Quels sont les groupes d'âge les plus susceptibles de migrer et pourquoi ces groupes ?
Il faut souligner qu'il n'y a pas d'âge pour migrer. L'affaire Doudou à Mbour, un enfant mis sur une pirogue pour rejoindre l'Europe, en est un indicateur, sans compter d'autres cas constatés plus récemment. Il y a une réelle précocité d'âge des migrants et candidats à la migration. Il faut se demander si ce sont des jeunes qui décident de migrer, ou bien, s'ils partent sous la pression des familles. En outre, sur les routes migratoires, il y a des personnes âgées ayant connu plusieurs années d'expériences professionnelles. Ce sont des personnes qui tentent l'aventure en espérant gagner de l'argent.
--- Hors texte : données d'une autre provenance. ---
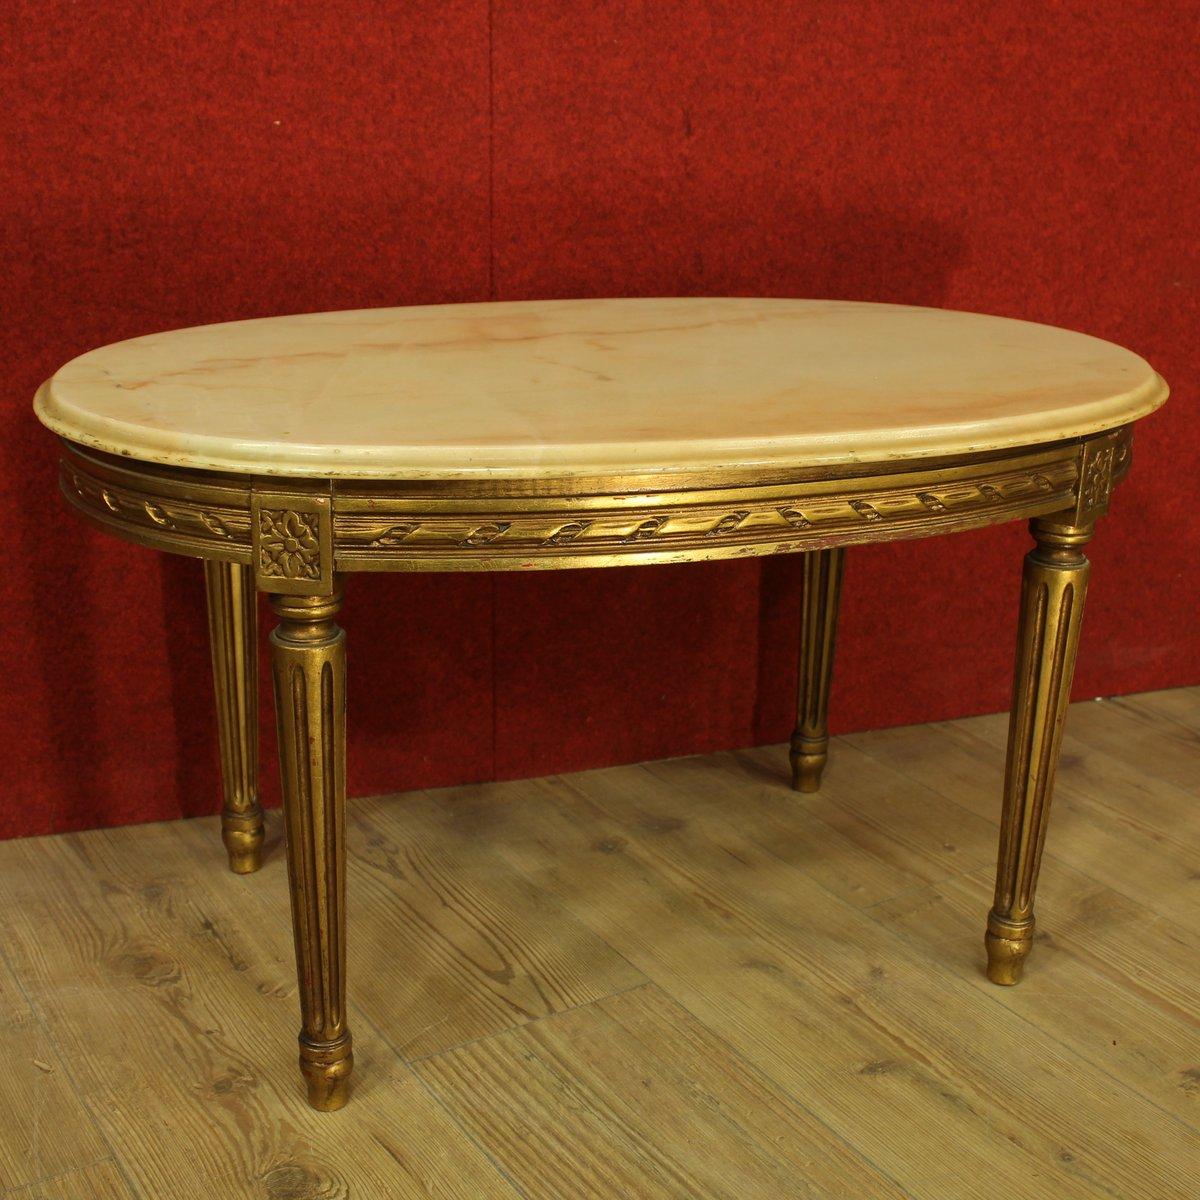 table basse dor e avec dessus en onyx france en vente sur. Black Bedroom Furniture Sets. Home Design Ideas
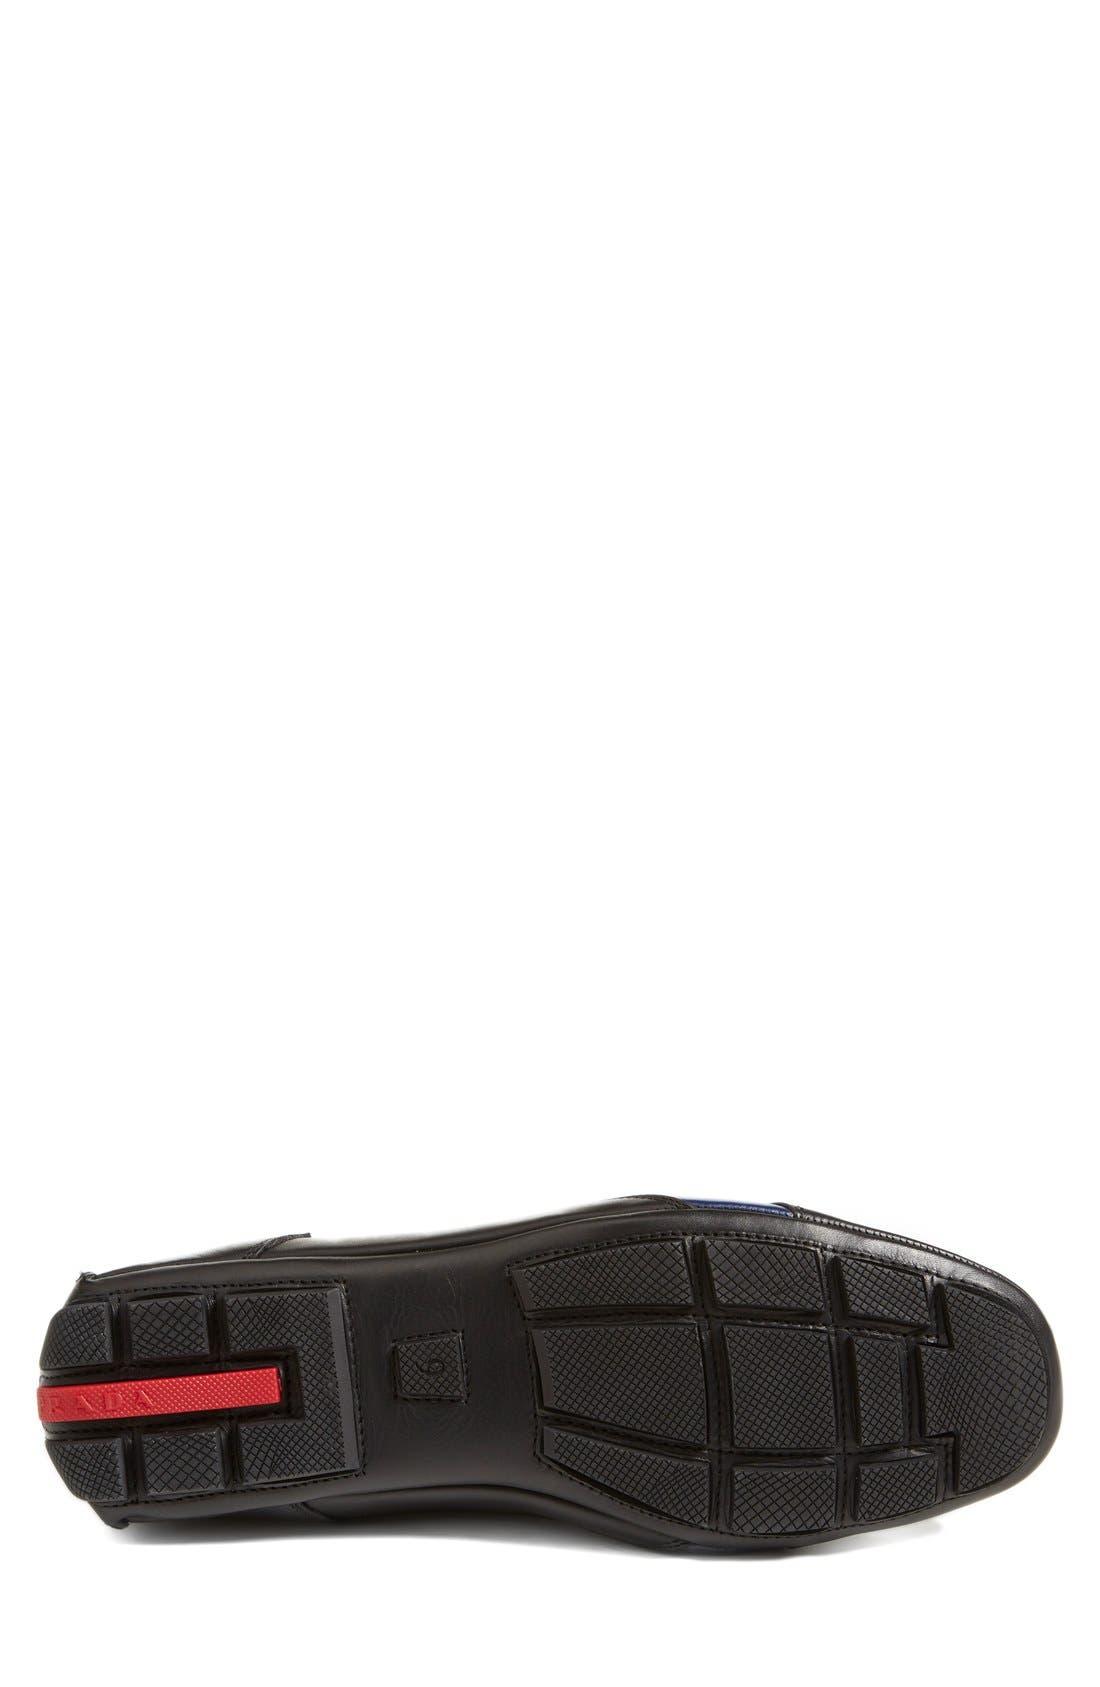 'Monte Carlo' Sneaker,                             Alternate thumbnail 2, color,                             001

Pour poursuivre sur les groupes démographiques, il faut prendre en compte la structure des ménages dont sont issus les candidats aux migrations irrégulières. La polygamie qui caractérise assez souvent ces ménages semble favoriser la compétition entre enfants de mères différentes d'une part et entre épouses du même conjoint d'autre part. Des acteurs originaires de ménages polygamiques sont fort présents sur les routes migratoires.
En plus de la structure des ménages, il faut prendre en compte la position des candidats à la migration irrégulière au sein de leur fratrie. De nombreux candidats à la migration irrégulière sont des aînés et ils sont appelés à prendre la relève de leurs parents en âge de la retraite lorsqu'ils vivent encore. Pour comprendre cela, je note que dans nos sociétés africaines, être aîné est un impératif de venir en aide à la famille et de sauver l'honneur.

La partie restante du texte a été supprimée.